Cloned then compromised, bad repos are forked faster than they can be removed
A malware distribution campaign that began last May with a handful of malicious software packages uploaded to the Python Package Index (PyPI) has spread to GitHub and expanded to reach at least 100,000 compromised repositories.
According to security firm Apiiro, the campaign to poison code involves cloning legitimate repos, infecting them with malware loaders, uploading the altered files to GitHub under the same name, then forking the poisoned repo thousands of times and promoting the compromised code in forums and on social media channels.
Developers looking for useful code may therefore find a repo that’s describes as useful and at first glance appears appropriate, only to have their personal data pilfered by a hidden payload that runs malicious Python code and a binary executable.
"The malicious code (largely a modified version of BlackCap-Grabber) would then collect login credentials from different apps, browser passwords and cookies, and other confidential data," said Matan Giladi, security researcher, and Gil David, head of AI, in a report. "It then sends it back to the malicious actors' C&C (command-and-control) server and performs a long series of additional malicious activities."
A Trend Micro analysis of the malicious code describes how it employs clever techniques to conceal its true nature. For example, the code hides its use of the exec function – for dynamically executing code – through a technique dubbed “exec smuggling”.

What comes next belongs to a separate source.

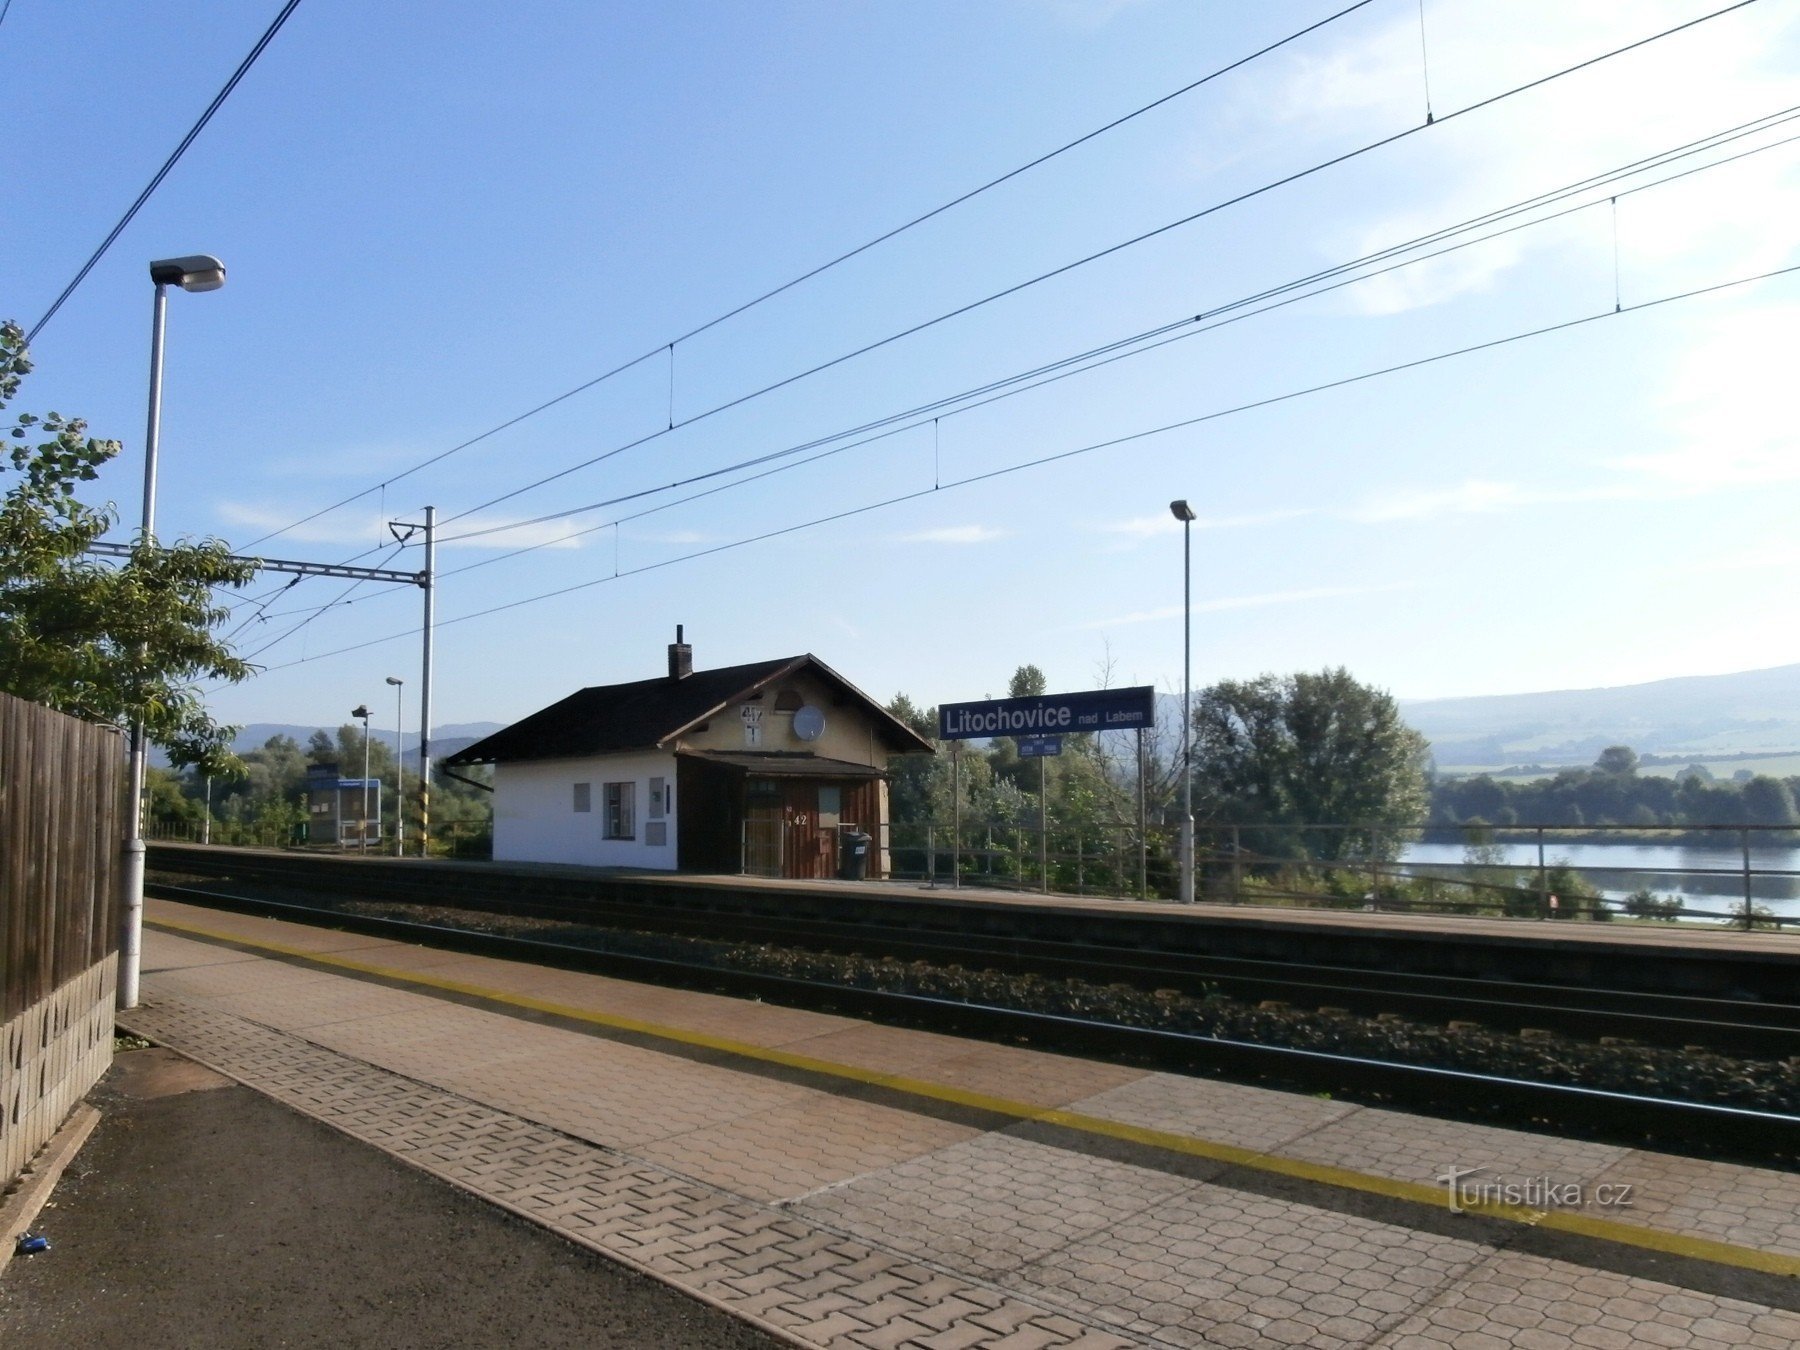 1. Stajalište vlaka Litochovice nad Labem
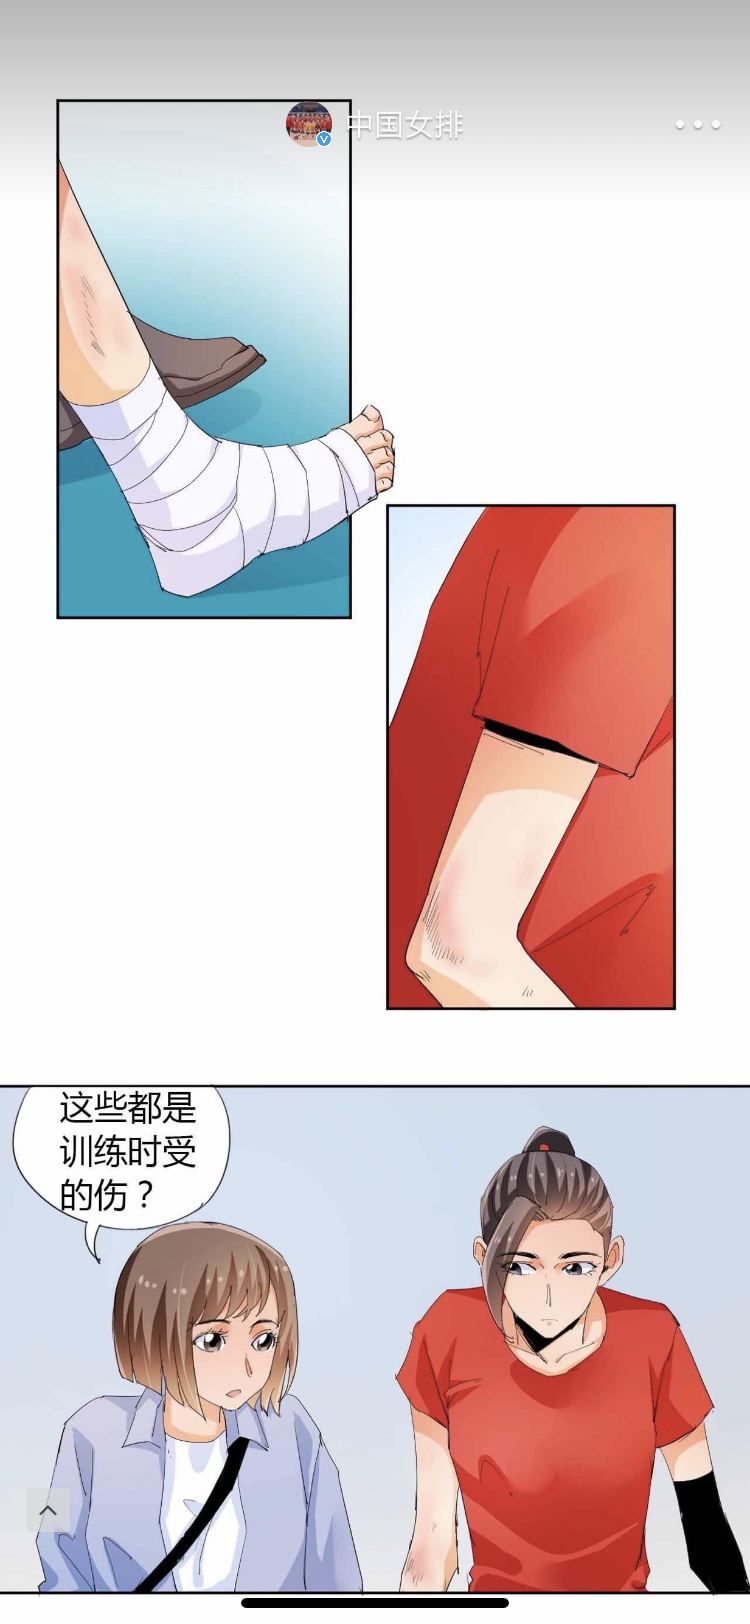 中国女排官方微博发表漫画系列特别关照江苏女排

Such attacks add hundreds of whitespace characters (521 of them) to push the exec function offscreen as a defense against manual scrutiny.
GitHub says it's aware that not all's well.
"GitHub hosts over 100 million developers building across over 420 million repositories, and is committed to providing a safe and secure platform for developers," a spokesperson told The Register.
"We have teams dedicated to detecting, analyzing, and removing content and accounts that violate our Acceptable Use Policies. We employ manual reviews and at-scale detections that use machine learning and constantly evolve and adapt to adversarial tactics. We also encourage customers and community members to report abuse and spam."
Awareness and automated scanning is all very well – but Apiiro’s Giladi and David observed that GitHub missed many automated repo forks, as well as the manually uploaded ones.
"Because the whole attack chain seems to be mostly automated on a large scale, the one percent that survive still amount to thousands of malicious repos," the authors wrote, adding that if you count removed repos in the total, the campaign probably involved millions of malicious clones and forks.
They also point out that the scale of the attack is large enough to benefit from network effects, specifically developers who fork malicious repos without intending to use the software and don't realize they're validating and propagating malware.
GitHub, the researchers say, presents an effective way to compromise the software supply chain due to its support for the automatic generation of accounts and repos, its friendly APIs and soft rate limits, and its size.
The Biden administration had pushed for stronger software supply chain security through the National Institute of Standards and Technology's Cybersecurity Framework 2.0 and efforts to get organizations to publish their software bill of materials. But clearly there's work left to do.